ISLAMABAD, May 1: There was a time when the national park rangers did not need visuals to monitor the deer population in the Margalla Hills – a significant number of footprints around water bodies indicated that their population was steady if not growing rapidly. But this was four to five years back.
Today, the deer footprints around small ponds in the park are as rare as spotting the animal itself. “It’s been a while since I last saw hooves set in mud around puddles of water. Even if we do see some it’s probably one or two deer that have wandered into these parts of the hills from far-off wilderness in the north,” said a park ranger from the Himalayan Wildlife Foundation (HWF) who not only attributed the declining number of the barking deer and the grey goral (wild goats) to loss of habitat but also to poaching.
“Since January this year, seven to eight deer have been hunted in the park in Zone 13 behind the Bari Imam shrine up in the hill and the wilderness adjacent to Shahdara,” said the park ranger, who was a witness to one such illegal hunting incident two months back.
According to him, the barking deer (that thrived in thick vegetation) population used to be quite significant in the Margalla Hills.
“But it has been a while since we spotted a big herd. Now it’s two to four and at times five at the most we see together,” he said.
But Capital Development Authority’s (CDA) deputy director general environment wing Malik Olya believed the wildlife in the national park was as rich as ever - barking deer, grey goral, leopards and the numerous species of pheasants all thrived undisturbed.
“Hunting is illegal in Islamabad. And it is a criminal offence in the Margalla Hills National Park. CDA’s wildlife staff is on patrol. However, the park area is too big and it is not humanly possible to cover every corner of the wilderness.

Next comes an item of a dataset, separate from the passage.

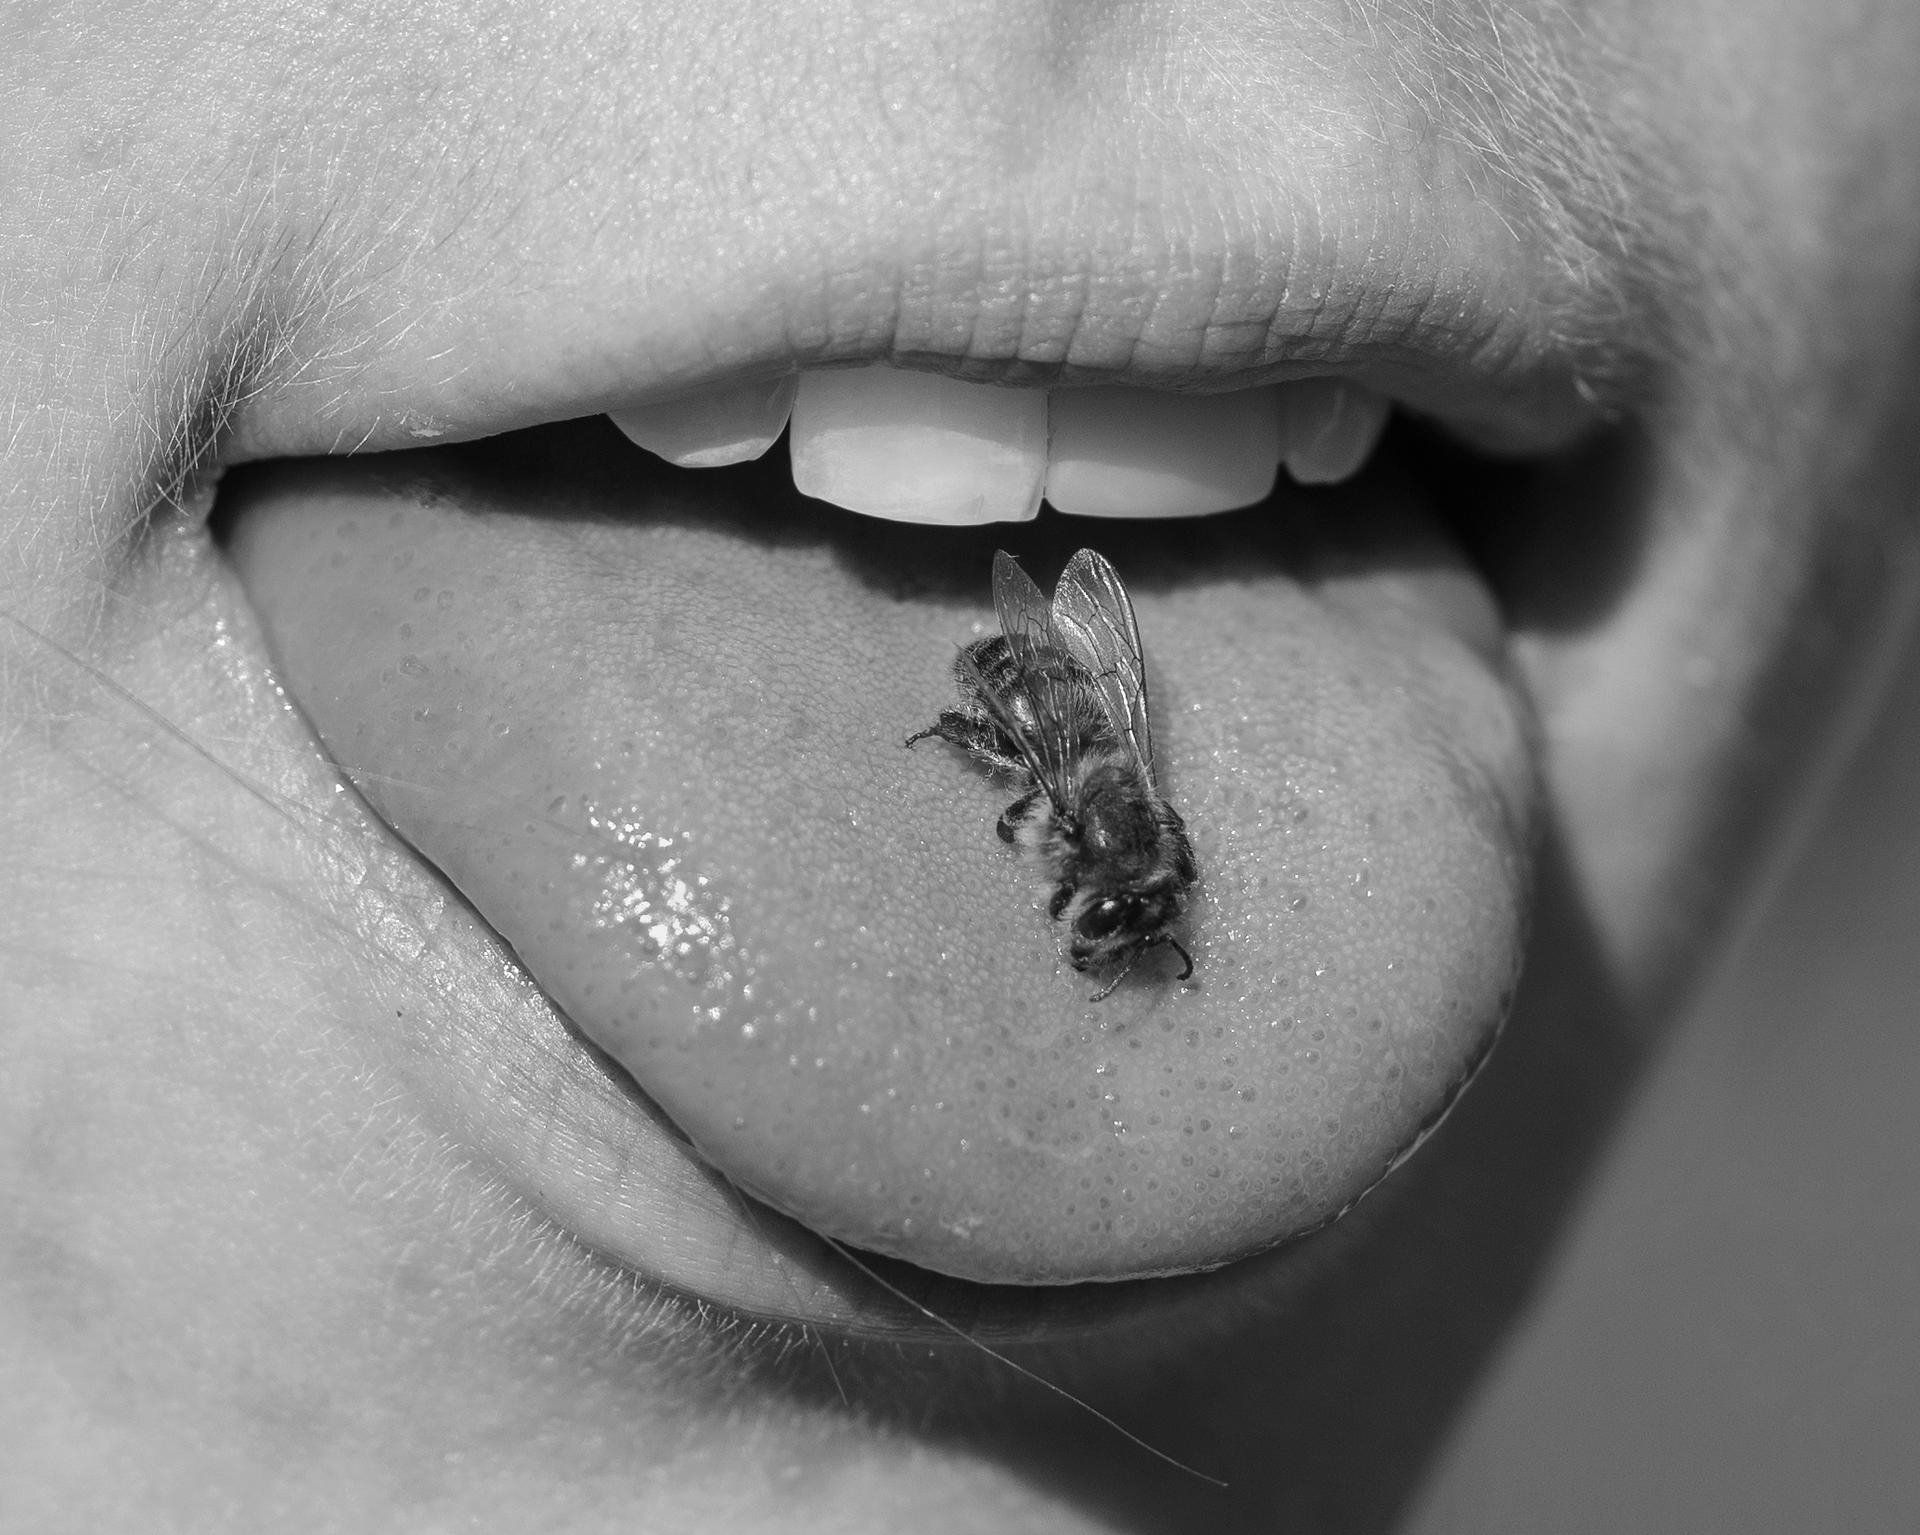 Untitled (Bee in Mouth), 2020

“I don’t know about any such incident but even if some deer have been poached, it must be an isolated incident,” he said. He also hinted at conducting a survey on the population of deer in the park as he said the last survey was conducted nearly two decades ago.
Assistant Professor at the Wildlife Department of Barani University in Rawalpindi Dr Maqsood Anwar, who is helping research students with their surveys on the deer (besides other species) in the Margallas, did not feel their population was facing any threat.
“But I do believe we are disturbing all wildlife in the national park by intruding into their natural habitat. National parks do have recreational and educational facilities but in restricted/limited zones. The rest of the wilderness cannot be disturbed.
And the intrusion by trekkers and loss of habitat has definitely affected the barking deer and particularly their breeding patterns,” he said, urging the authorities concerned to create no-go zones in the park for conservation of all animal and bird species.
The professor claimed to have counted as many as 100 to 120 barking deer during his last study conducted in 2005. He was not sure about their numbers right now.
Mr Anwar, however, expressed concern over the declining population of the grey goral because of pressure they faced from grazing of domestic animals and felling of trees for fuel. “The numbers of this particular wild goat seem to have decreased in past few years,” he said.